Normally distributed errors assumption is violated (multiple regression)

Hi guys,

I am testing the normally distributed errors assumptions for multiple regression with a visual inspection using a P-Plot plot. Now, I have the suspicion that the errors are not normally distributed (see image below). I have two questions about this:
  • Is there any way to test this statistically and not visually?
  • What are my options when the assumption turns out to be violated? What is the best way to proceed?

Schermafbeelding 2021-05-13 om 09.14.29.png



TS Contributor
The question is: are the residuals normally distributed in the population?
Although widely recommended here, descriptive statistics (including such plots)
from the sample IMHO cannot really answer that question.

On the other hand, inferential tests of normality (there are quite many of them)
are mostly useless. Either sample size is small, and the tests are therefore not
very sensitive (small statistical power). Or, the sample size is large, and even
small deviations from normality become "statistically significant", although they
do not practically matter.

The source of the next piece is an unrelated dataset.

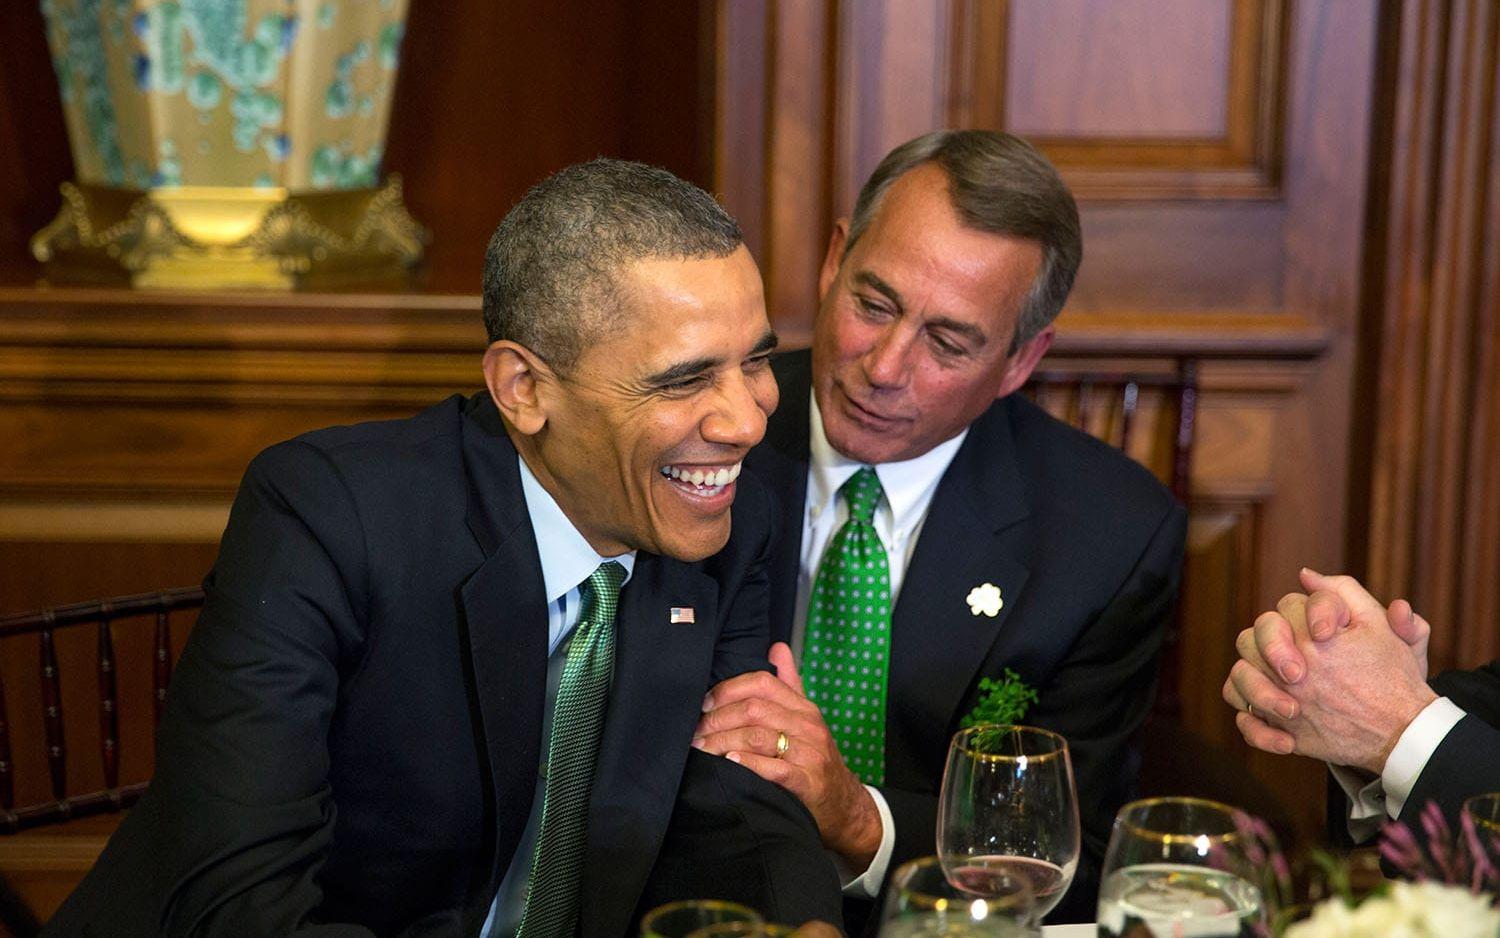 14 mars, 2014: Barack Obama delar ett skratt med talmannen John Boehner, republikan, under en lunch i Washington. Foto: Pete Souza / Vita Huset

So the tests often provide no information about
what to do.

Fortunately, all this normality stuff is usually irrelevant, especially if your sample
size is large enough (about n > 30, or n > 50). The central limit theorem then
makes sure that non-normality of the residuals does not affect the realiabilty
of the F-test. Seemingly, your sample size is large enough.

With kind regards

Last edited:


Less is more. Stay pure. Stay poor.
Yeah, I got this new thing. I have been not typing 'not' in my posts by accident. It is a weird middle age thing I suppose. It will get my in trouble yet. I usually have to reread my emails and posts to check for my brain leaving out words or exchanging words with the same first letter. I should add a post script on all of my messages warning people about this, but I would likely mess that up and the results would be the he always tells the truth and he always lies paradox.

I agree that I would 'not' have concerns with the above figure.

P.S., @shannahw - I like your avatar image. Reminds me of of art from Angie Pickman in Kansas.


No cake for spunky
I think the consensus is with enough cases (say 100) normality does not matter. Some worry about outliers, not normality. They can move the regression line in some cases. But qq plots do not get at the issue of outliers, there are other tests like dfbeta that do.

I would be interested to know why Karabiner thinks QQ plots are not a good way to determine normality (they are highly recommended).

Thank you for your elaborate answer. So, let me resume the main message:
  • There is no method available to properly test the assumption of normality of residuals. This assumption only holds as a theoretical statement about the characteristics to which the population should adhere in order for statistical tests on a sample to be validly generalized to the population.
  • So, descriptive tests (like the P-P and Q-Q plot) and inferential tests (like the Kolmogorov-Smirnov and Shapiro-Wilk) are mostly useless.
You basically state that the only assumption that we can make, is that, when the sample size is big enough, the Central Limit Theorem applies. I am performing moderated mediation with one moderator and one mediator. Therefore, I have 3 predictor variables, but I also include 6 covariates in the model. From a rule of thumb, I am using that the sample size should be about 20 observations per predictor. I have 120 observations, but, when I include all predictors and covariates, I theoretize that I need 9 x 20 = 180 observations in order for the Central Limit Theorem to apply. Based on this information, what would be your approach on making a statement about this assumption?

I am also curious on your apply to @noetsi about the Q-Q plots. I have also run these as a further testing of the assumption (see image).

Schermafbeelding 2021-05-17 om 11.14.36.png

@hlsmith - Thank you. It is an interpretation of Watership Down :). What's yours?


TS Contributor
I would be interested to know why Karabiner thinks QQ plots are not a good way to determine normality (they are highly recommended).
They are sample descriptions. I cannot simply judge from the difference beteen two sample means whether there is a statisticall significant mean difference in the population. I cannot simply judge from a sample q-q-plot whether the residuals are distributed normally in the population.

With kind regards



Less is more. Stay pure. Stay poor.
I haven't read all that is above, but unless I think there are issues I am typically content enough looking at a histogram and qqplot of residuals and any other generated output. I don't get caught up in normality tests, but I acknowledge that I did when I first started out.

Well it looks like everything is still going well in the warren in that WD illustration. Mine is a picture my daughter made in art class of her in a spaceship visiting an alien.


Less is more. Stay pure. Stay poor.
Great to hear and welcome to the forum! Side note, if you have ever seen the movie Donnie Darko, they were going to originally use Watership Down as the book covered in his class, but deviated to the fictitious Cellar probably to incorporate the nihism/chaos motif.